O que você precisa pensar ao planejar a implementação da nova norma?

A nova norma de arrendamento terá um impacto significativo em quase todas as empresas. Quanto maior o seu portfólio de arrendamentos maior o efeito nos seus principais indicadores financeiros.

Os clientes com que converso já entendem que haverá mais arrendamentos no balanço em 2019. Entretanto, seus maiores desafios estão sendo: verificar qual a melhor opção de transição para sua empresa e como eles vão reunir os dados necessários para a implementação, passando por eventuais mudanças em seus sistemas contábeis.

Faça as perguntas certas

Planejar um projeto de implementação de uma nova norma contábil leva tempo e exige cuidado. Você pode iniciar utilizando as 10 perguntas que formulamos e que apresento abaixo. Elas vão ajudá-lo a ter uma ideia do tamanho do desafio pela frente.

Primeiro, questione-se: (1) Quantos arrendamentos sua empresa possui? – não subestime! Provavelmente vocês arrendam mais coisas do que você pensa; (2) Consulte e questione quais áreas mantêm as informações acerca de contratos de longo prazo de arrendamento. Busque identificar se há um repositório centralizado ou se as informações são mantidas por cada unidade de negócio.

Agora que você já sabe um pouco sobre o passado, busque (3) considerar quais novos contratos de arrendamento você irá efetuar até 2019 (data de vigência da nova norma); esta etapa será importante, para que você possa neste momento identificar e mapear oportunidades negociais. A pergunta mais comum que vejo é (4) qual o impacto da nova norma nos meus principais indicadores financeiros (por exemplo, lucro líquido, EBITDA/LAJIDA, alavancagem ou retorno sobre ativos). Ao considerar os impactos em seus indicadores, verifique, inclusive (5) se a alteração a nova norma impactará significativamente seus covenants. Há muitos contratos que preveem ajustes em função de alterações em práticas contábeis, porém nem todo mundo tomou esse cuidado ao contratar. Assim, uma conversa com seus credores pode ser necessária.

Então comece a se preparar e considerar: (6) qual o método de transição que irá adotar? Sua empresa irá adotar o método retrospectivo, que demandará mais preparação; ou o método prospectivo, que será menos custoso porém diminuirá a comparabilidade das informações financeiras de sua empresa? Há, inclusive, (7) isenções opcionais que podem ser consideradas na adoção da nova norma, como a de contratos de curto prazo e de baixo valor. Estas isenções podem diminuir os custos da adoção e irão poupar tempo!

Assim, reconsidere e se prepare até a adoção, verificando:

(8) seus arrendamentos operacionais estão atualmente divulgados nas demonstrações financeiras em sua totalidade e com precisão? Não tenha surpresas ruins quando adotar a nova norma;

(9) como será sua divulgação sobre a adoção da IFRS 16 ao longo de 2017 e 2018? Seu regulador e investidores esperam ser adequadamente informados;

(10) quem está à frente, e envolvido, no seu projeto de implementação da nova norma? Se você não sabe, provavelmente deveria ser você! 
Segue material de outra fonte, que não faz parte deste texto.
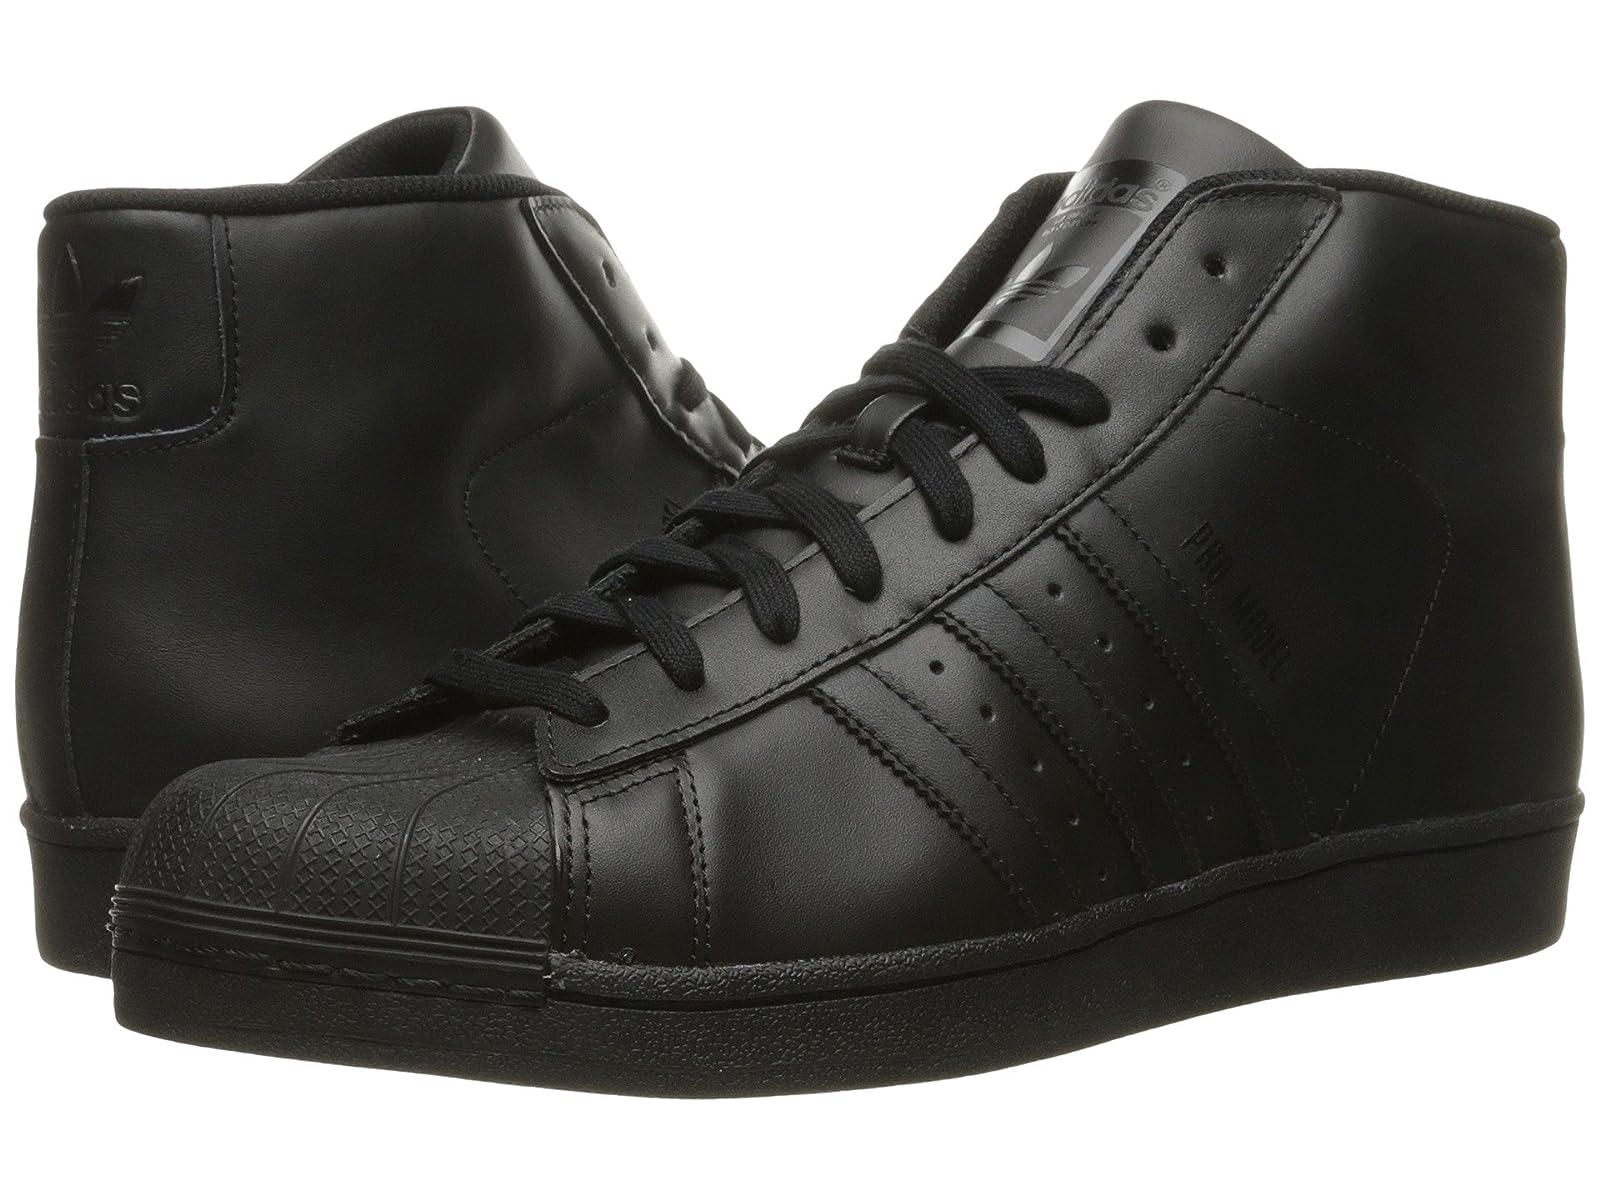 adidas Originals Pro ModelAtmospheric grades have affordable shoes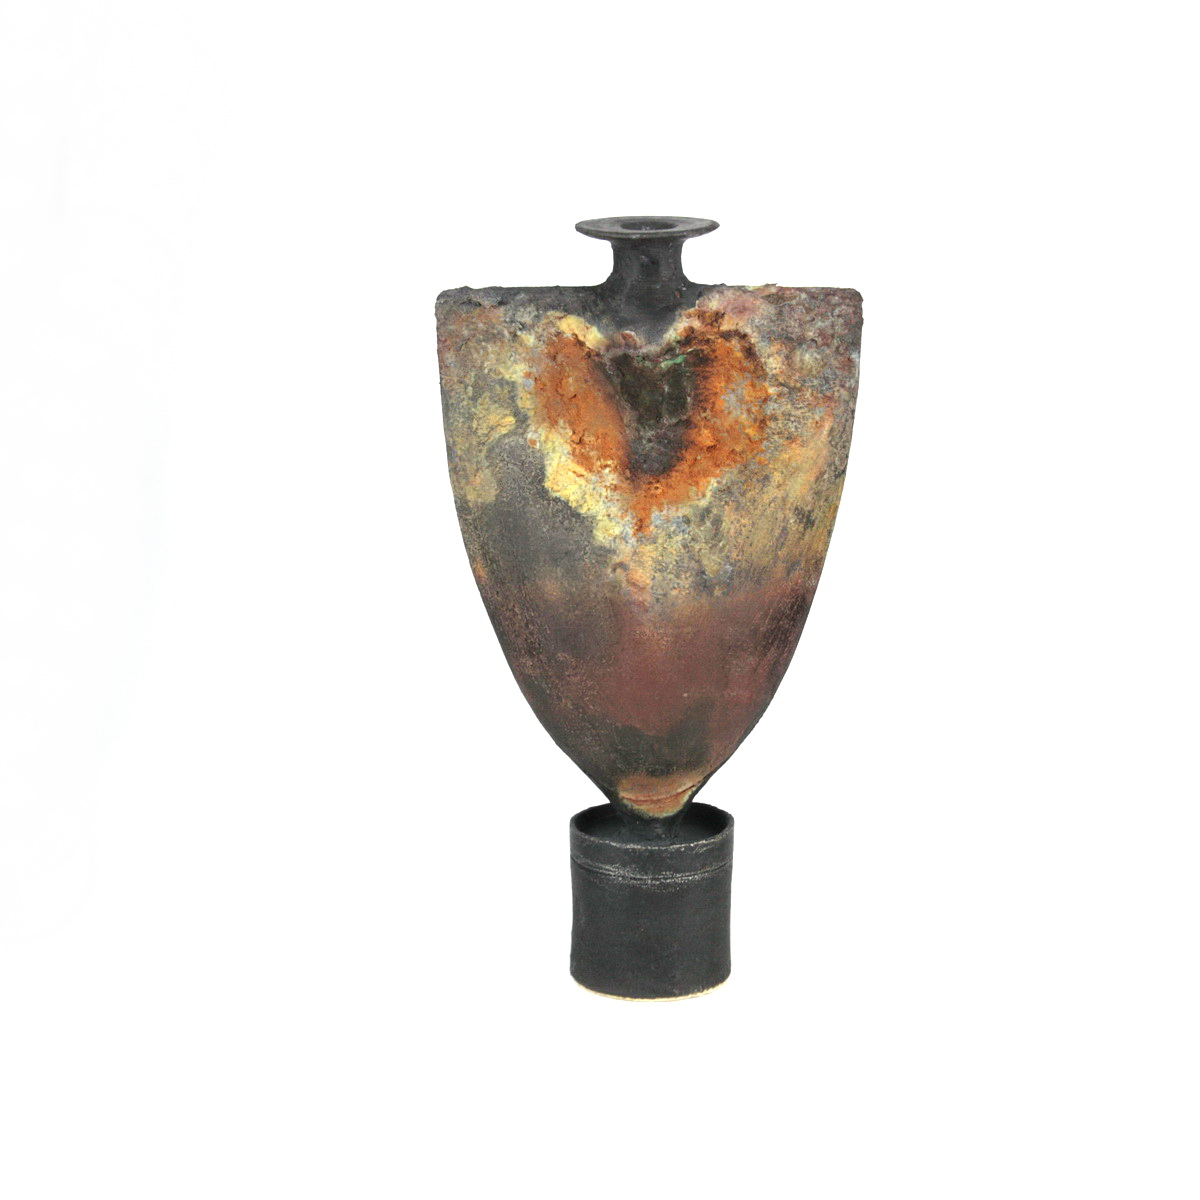 john-bedding-ceramic-pot-c111

E ai, como você se saiu? Se conseguiu responder ao menos 5 das perguntas
acima, você está no caminho certo. Se não, preocupe-se e mãos à obra.

Enfrentar cada uma dessas perguntas agora será um primeiro passo, mas há
outras coisas que você precisa considerar.

Não subestime o tamanho do esforço

Muito antes de 2019 você vai ter que se familiarizar com o conteúdo de seus
contratos de arrendamento. Não há outra maneira de encontrar os dados que você precisa para fazer os cálculos necessários. E você vai gastar muito tempo verificando aquilo que foi efetivamente contratado e considerando as estimativas necessárias em seus cálculos.

Para alguns de meus clientes o maior desafio foi descobrir onde a informação
é armazenada e quem a possui – ainda na questão 2 das perguntas acima. Isto é uma verdade frequente para grandes grupos, que operam em muitos países. Outros ainda estão lidando com questões de julgamento - como a definição de quais dos seus muitos contratos representam, de fato, um arrendamento.

Converse com todos os envolvidos, internos e externos

A maioria dos analistas já faz estimativas dos passivos de arrendamento das
empresas. Pela primeira vez, eles poderão confirmar suas estimativas e serão
capazes de comparar empresas com diferentes estratégias em relação a
arrendamentos. Você precisará estar pronto para explicar os impactos em suas demonstrações financeiras.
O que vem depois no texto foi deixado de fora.